Christiansen initially wrote to the Ministry of Health on April 24 asking him to get out of the forced quarantine. He had no symptoms, was being monitored by medical professionals every other day, and despite repeatedly requesting a Covid-19 test, he had been rejected.
Christiansen asked the authorities to use their discretion for compassionate reasons.
Instead, authorities responded that they could only excuse Christiansen if he had a medical condition that could not be treated in isolation and that “there is nothing we can change at this time.”
The next day, Christiansen responded to authorities, imploring them to observe his “exceptional circumstances”.
He told authorities that his father had begun to ask “Where is my son, where is my son?”
The following day, Christiansen also wrote directly to the Director General of Health, Ashley Bloomfield, and to the Minister of Health, David Clark.
Blomfield responded, saying that authorities were investigating the case.
However, Christiansen was rejected again.

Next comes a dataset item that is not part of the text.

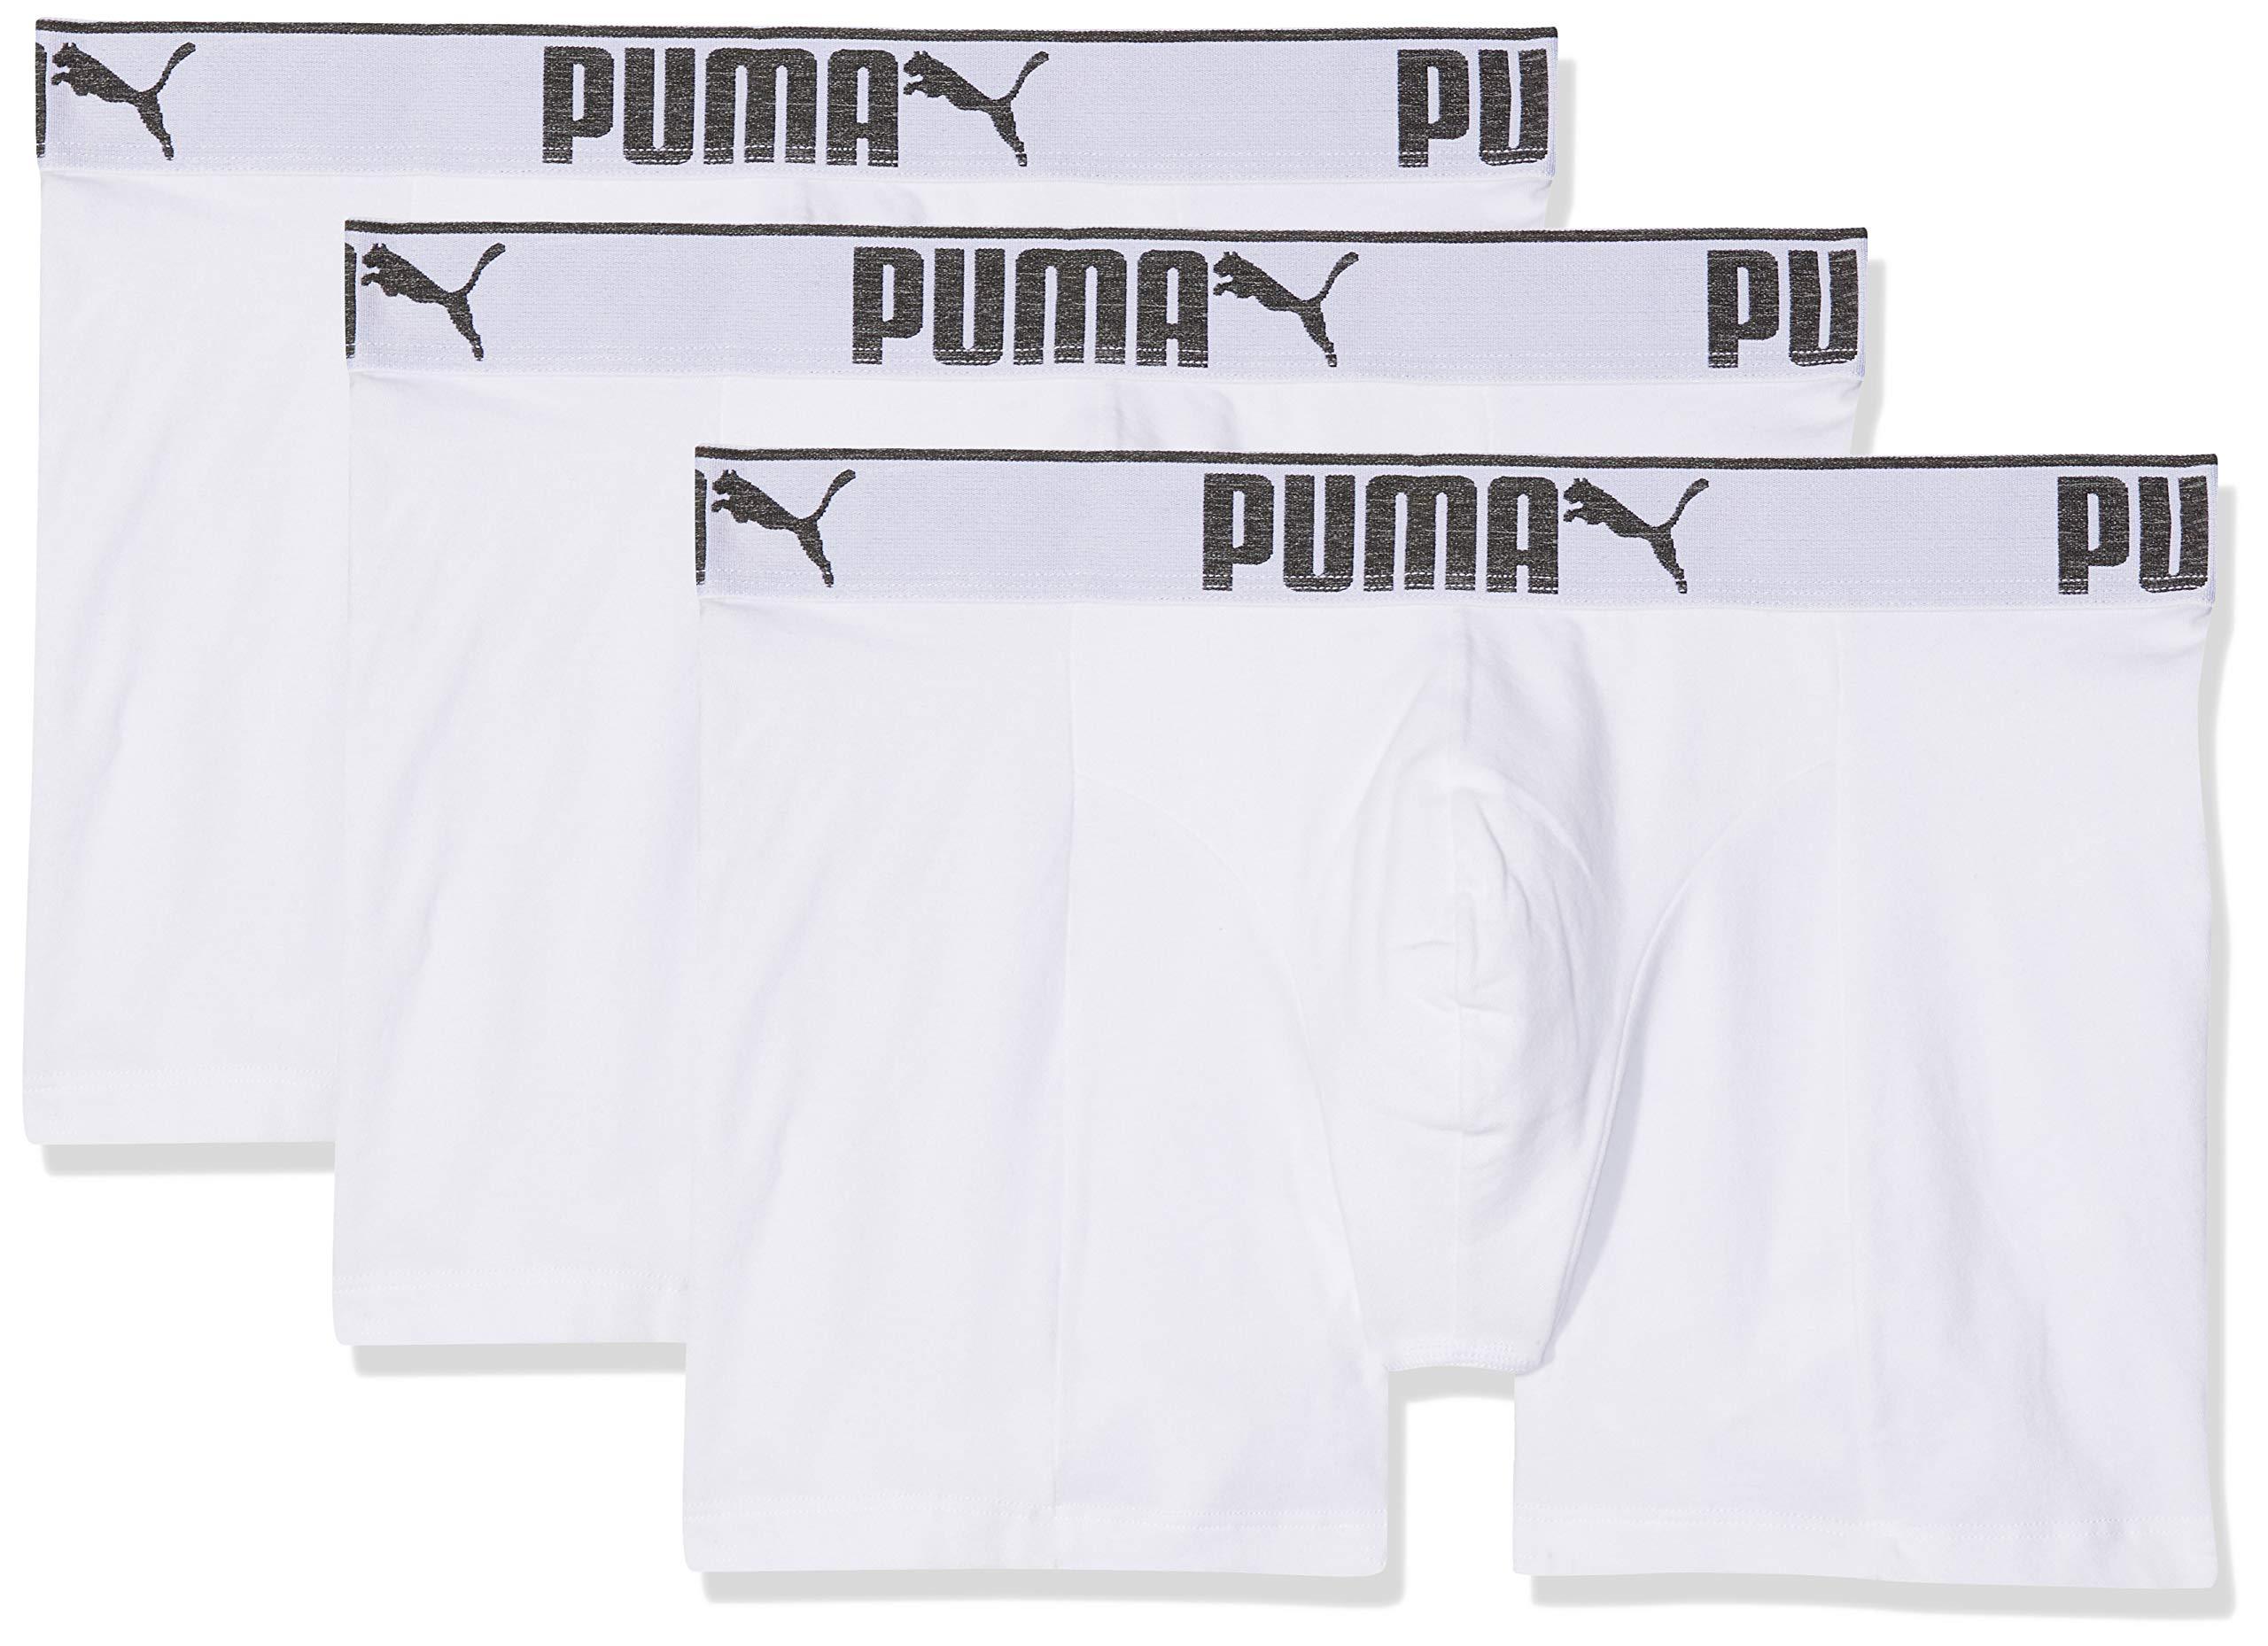 PUMA 3 x Mens Sueded Cotton Boxer Shorts White

She then decided to take her case to the Auckland High Court for a judge to review her situation.
Judge Tracey Walker heard the case on Friday and allowed Christiansen to visit her father.
It found that the authorities had interpreted the rules strictly, based on the criteria available on the Government’s Covid-19 website, and had not used their powers of discretion.
“It had the hallmark of circumscribed criteria-based automatic rejection rather than an adequate exercise of discretion required by the Health (Managed Air Arrivals) Act,” said Judge Walker.
The judge said that important decision-making authorities cannot simply adopt rigid rules that prevent them from exercising discretion.
“No matter how necessary or justified the Covid-19 response is, the decisions must have a clear and secure basis,” he said.
“They must be proportionate to the justified goal of protecting New Zealand taking into account the fundamental civil rights in question: freedom of movement and assembly under the New Zealand Bill of Rights Act of 1990.”
The judge said Christiansen had no Covid-19 symptoms. He had also been monitored by medical professionals every other day and had repeatedly requested a Covid-19 test, but was rejected because he was asymptomatic.
She noted that her father was being cared for at home, and therefore health professionals and other patients were not at risk.
Christiansen’s attorney, Simon Foote QC, told the court that his client’s mother and sisters “desperately” supported his offer.
Judge Walker ordered Christiansen to travel in a private car and to wear full PPE while visiting his father.
“It is difficult to imagine more compassionate reasons than those presented here,” he said.
Foote said Things Christiansen had given the authorities all the information they needed to make a compassionate exemption.
“He handed them to them on a tray. The medical evidence was unequivocal, that his father would die before he was released from controlled isolation.”
Foote said Christiansen’s time with his father was “invaluable.”
“These end-of-life situations are perhaps the most tragic consequences of the pandemic because, of course, they are final. There are many dire consequences, of people losing business, but there is no way to rewind or revisit the circumstances of the end. of the life “.
The Ministry of Health has been contacted for comment.